• [PROVIDED MATERIAL]:
══════════

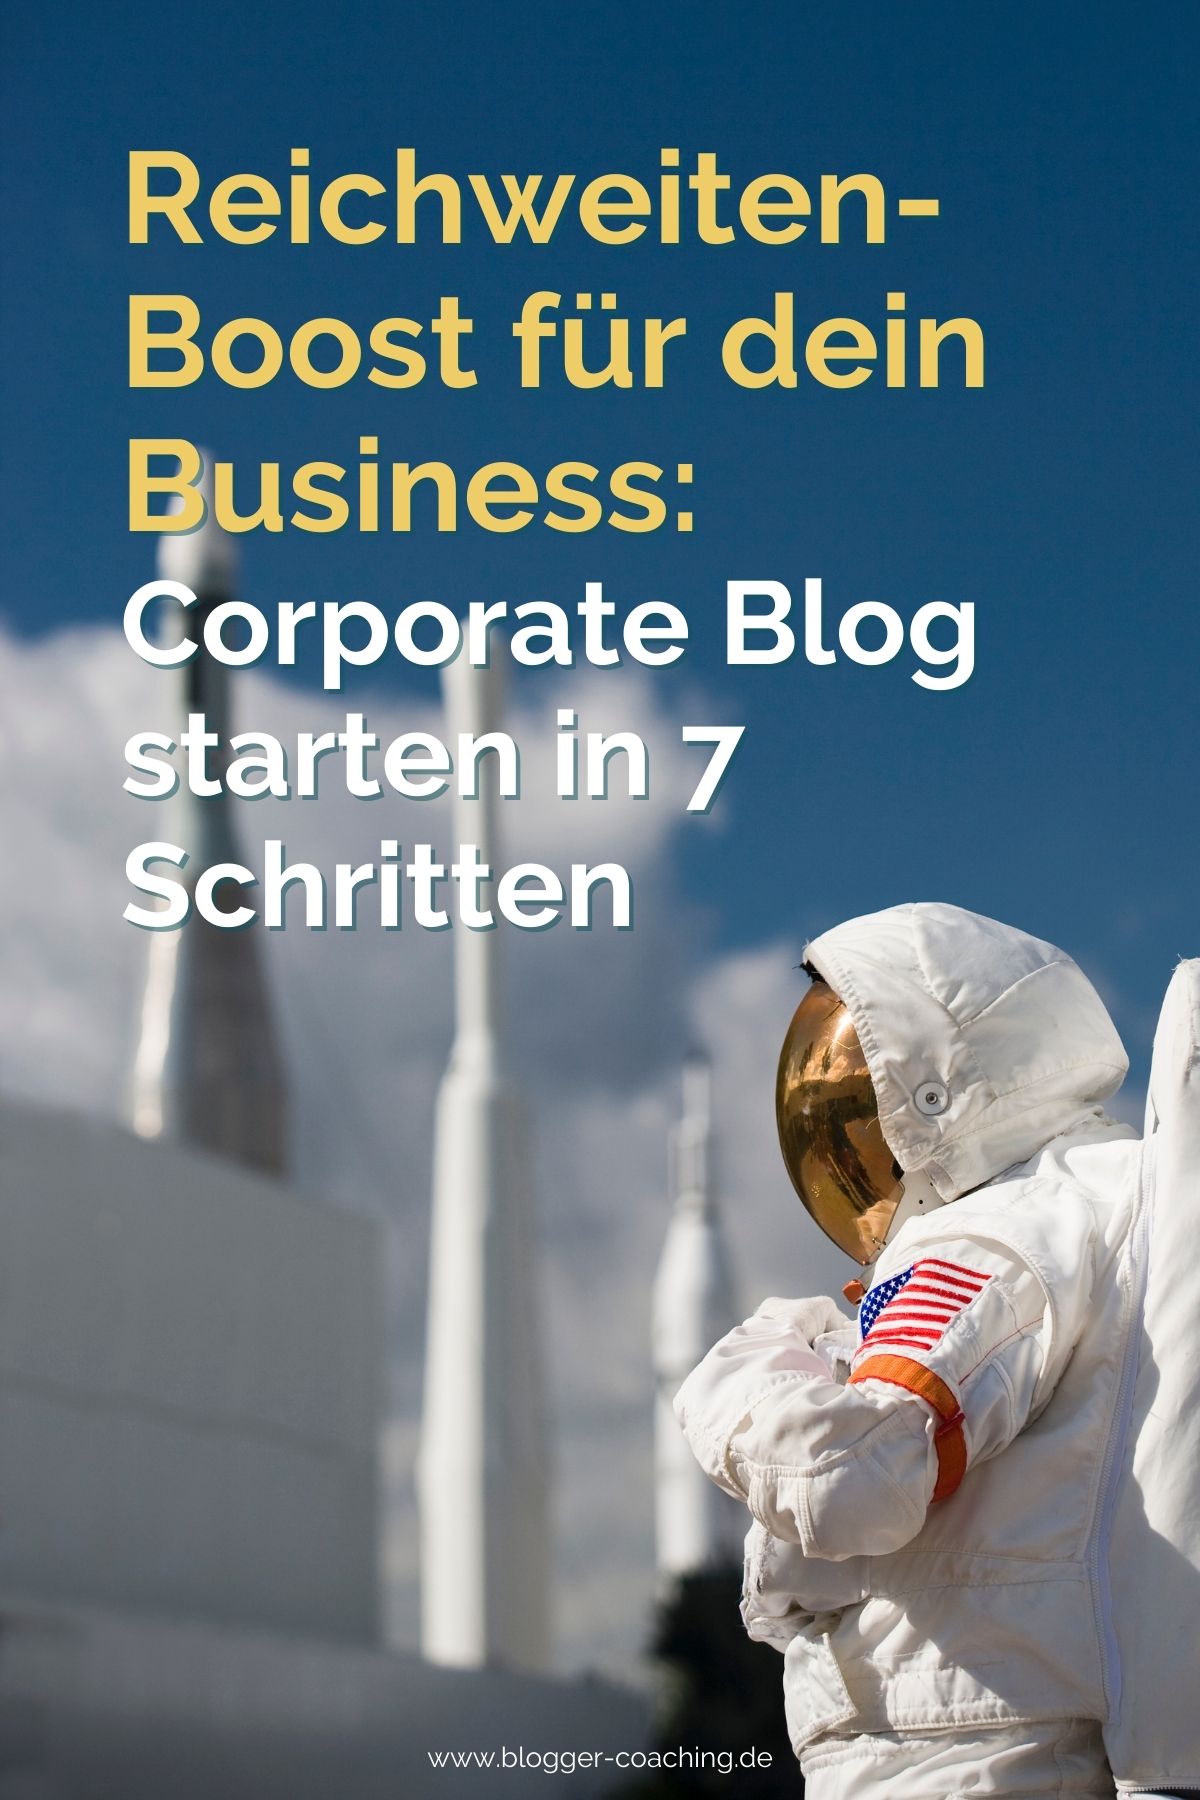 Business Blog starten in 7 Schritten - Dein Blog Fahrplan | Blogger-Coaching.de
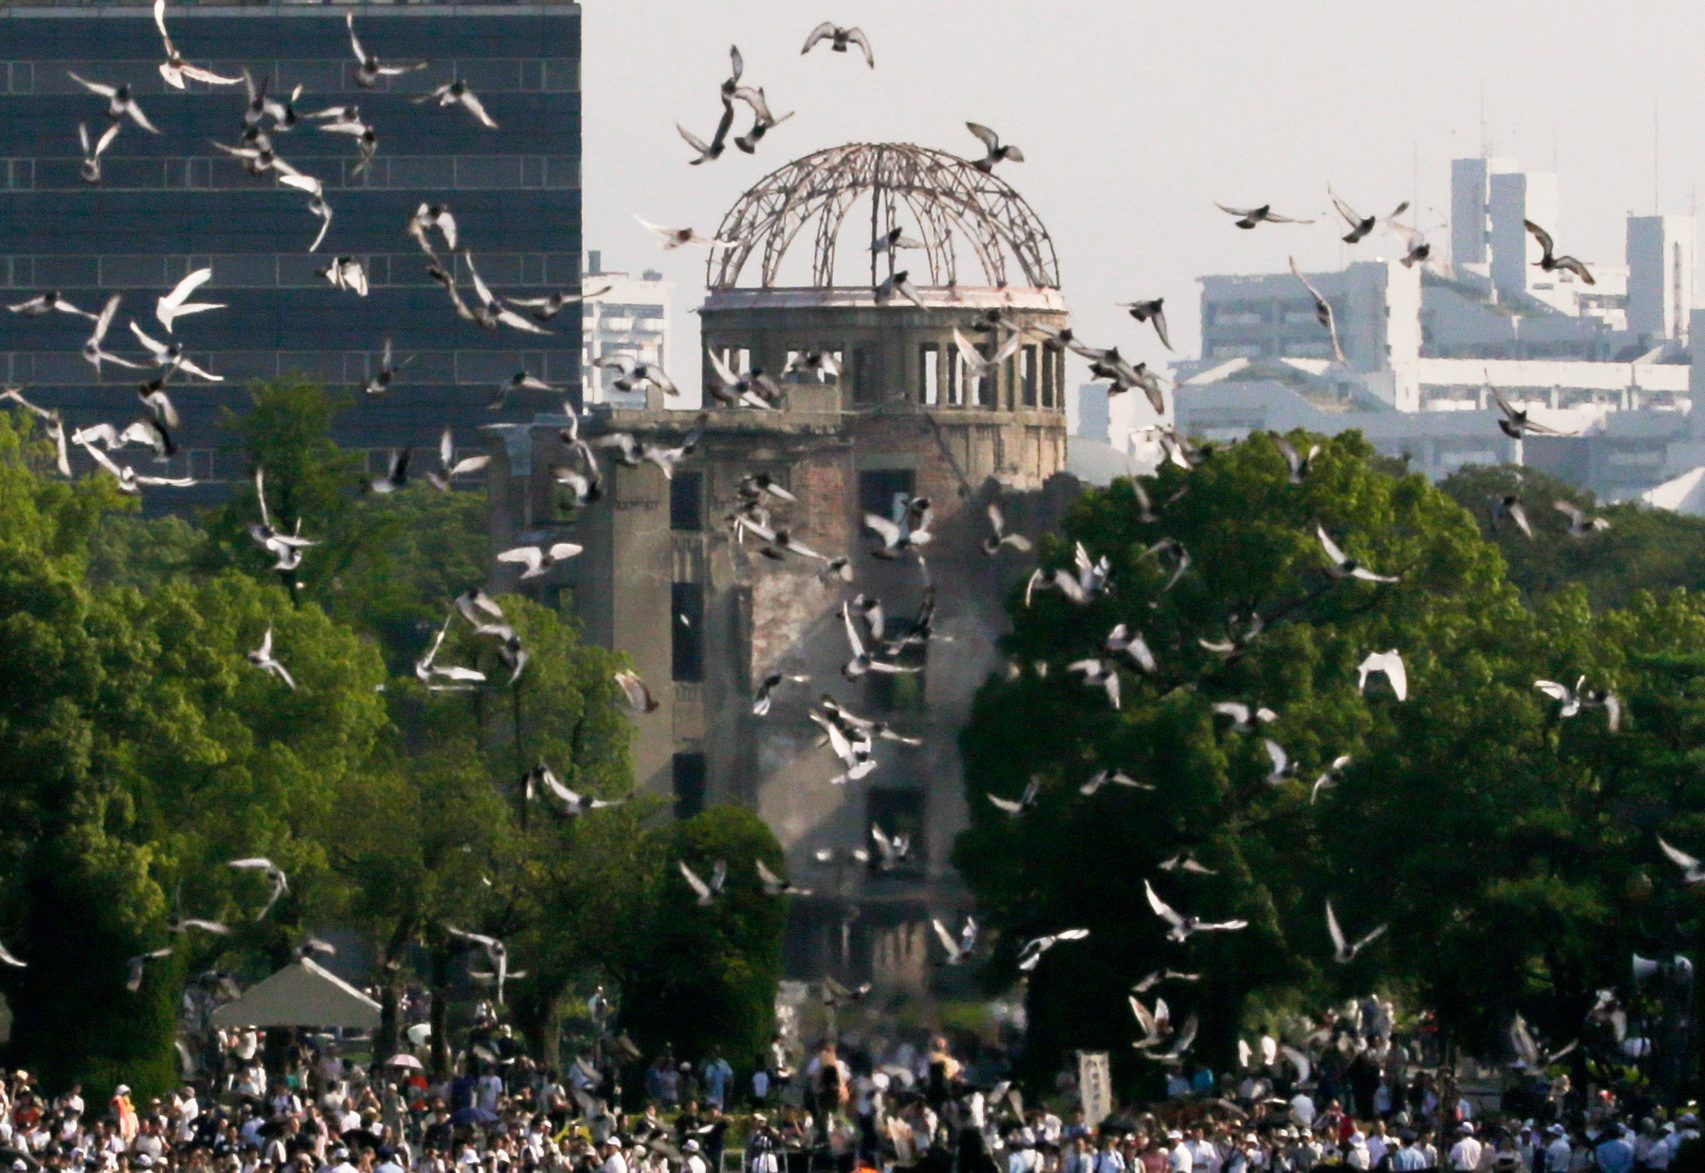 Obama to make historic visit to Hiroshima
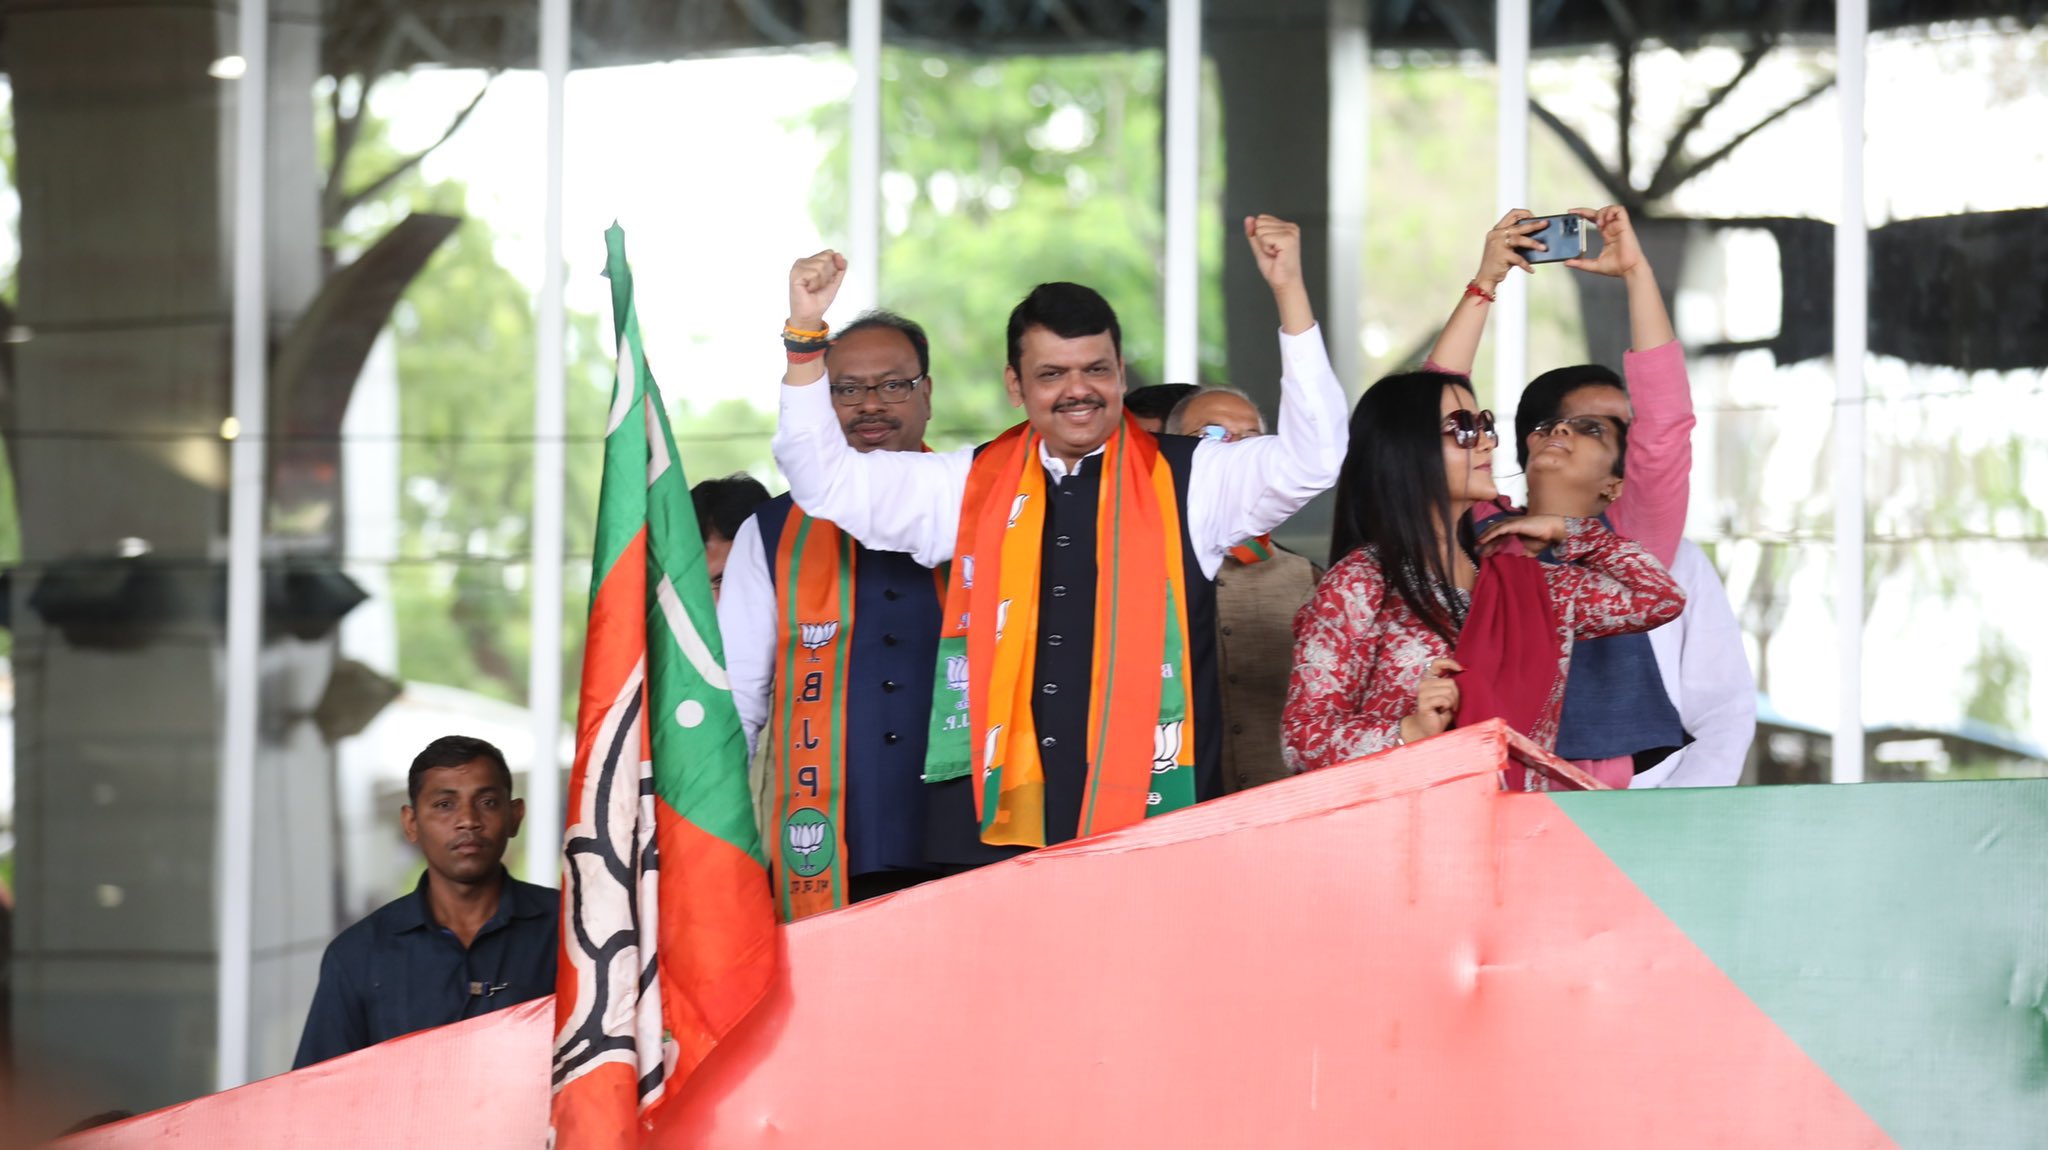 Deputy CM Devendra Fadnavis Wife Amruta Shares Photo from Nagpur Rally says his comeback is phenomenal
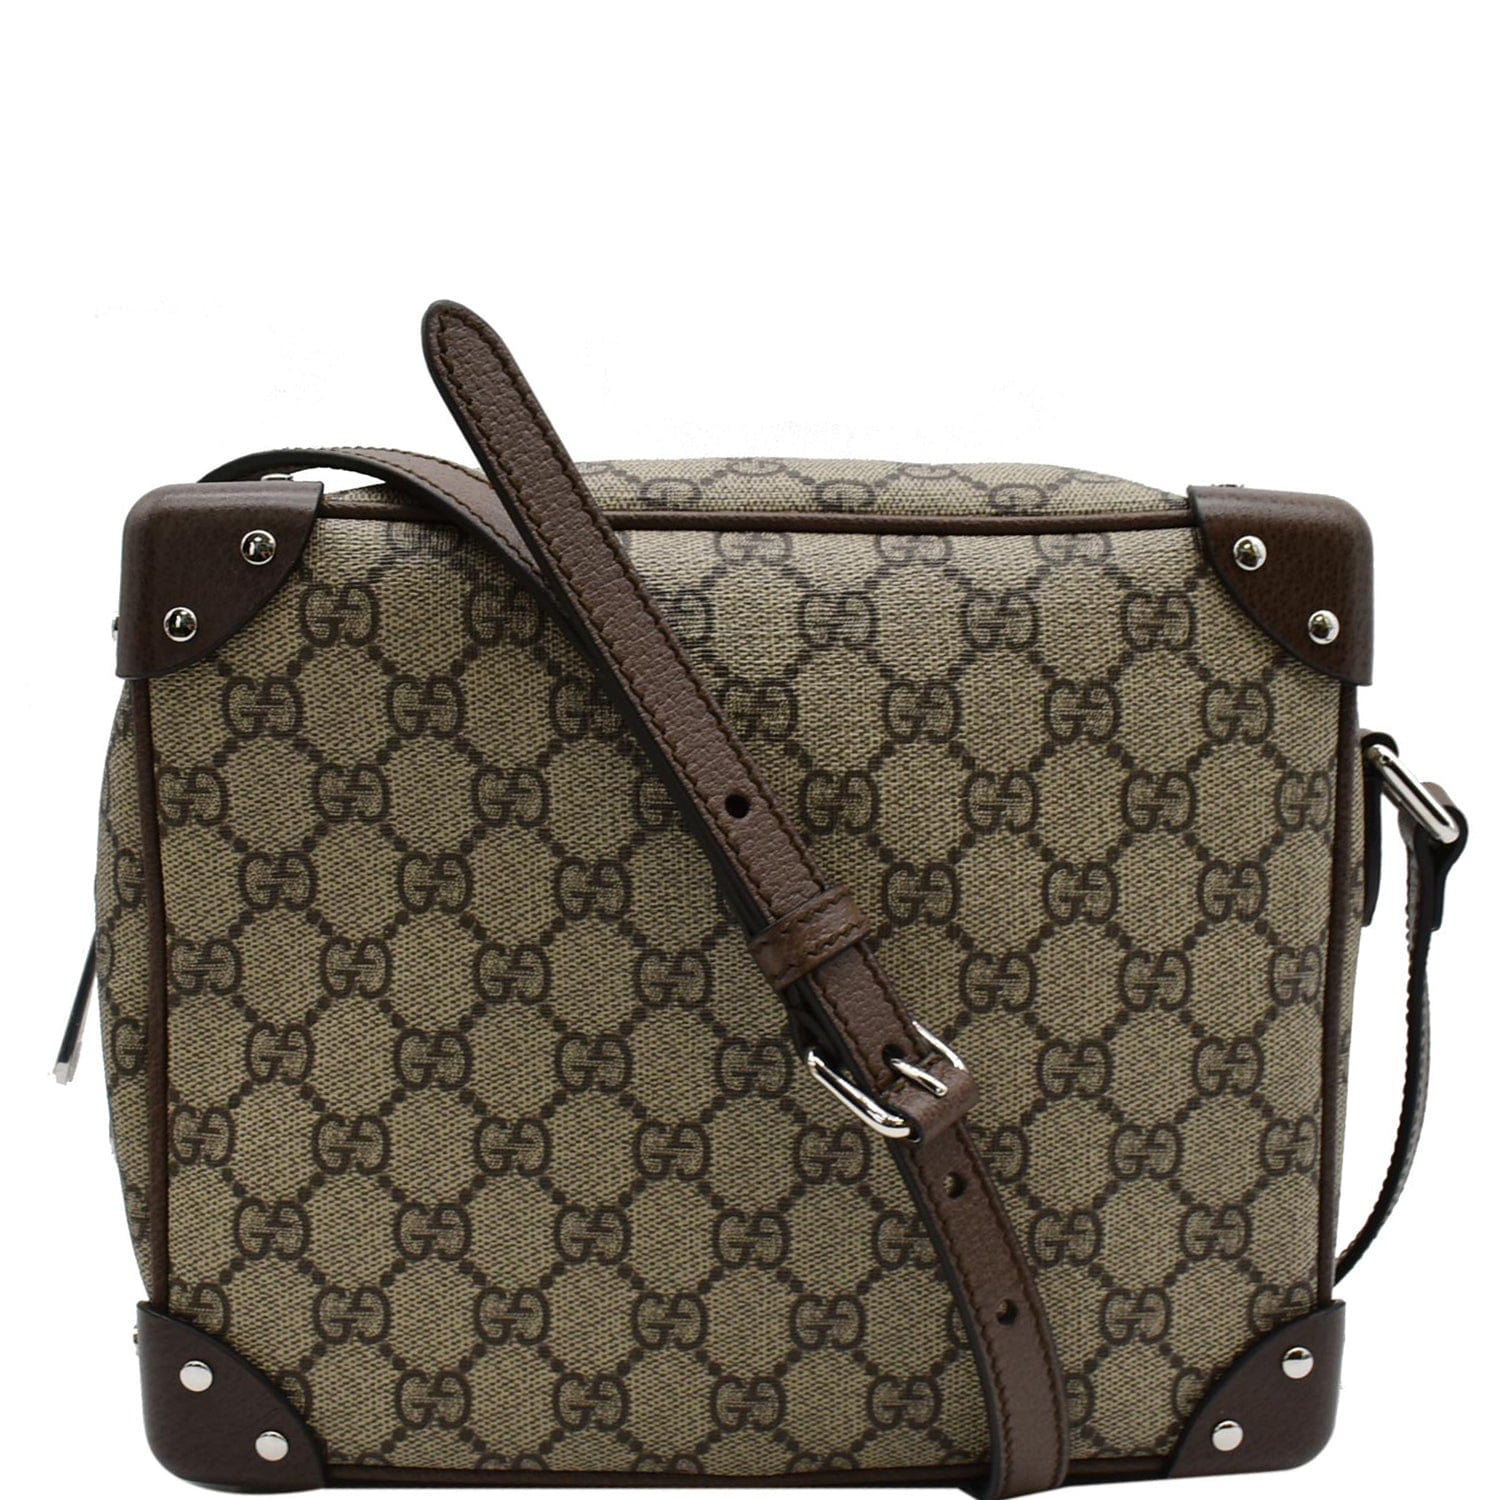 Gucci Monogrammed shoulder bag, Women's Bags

══════════

• [WHAT YOU NEED TO DO]: Leave every picture out and write out exactly the lines from the line with "Obama to make historic visit to Hiroshima" through the last line of the material.

• [EXERCISE OUTPUT]:
 Obama to make historic visit to Hiroshima
 Deputy CM Devendra Fadnavis Wife Amruta Shares Photo from Nagpur Rally says his comeback is phenomenal
 Gucci Monogrammed shoulder bag, Women's Bags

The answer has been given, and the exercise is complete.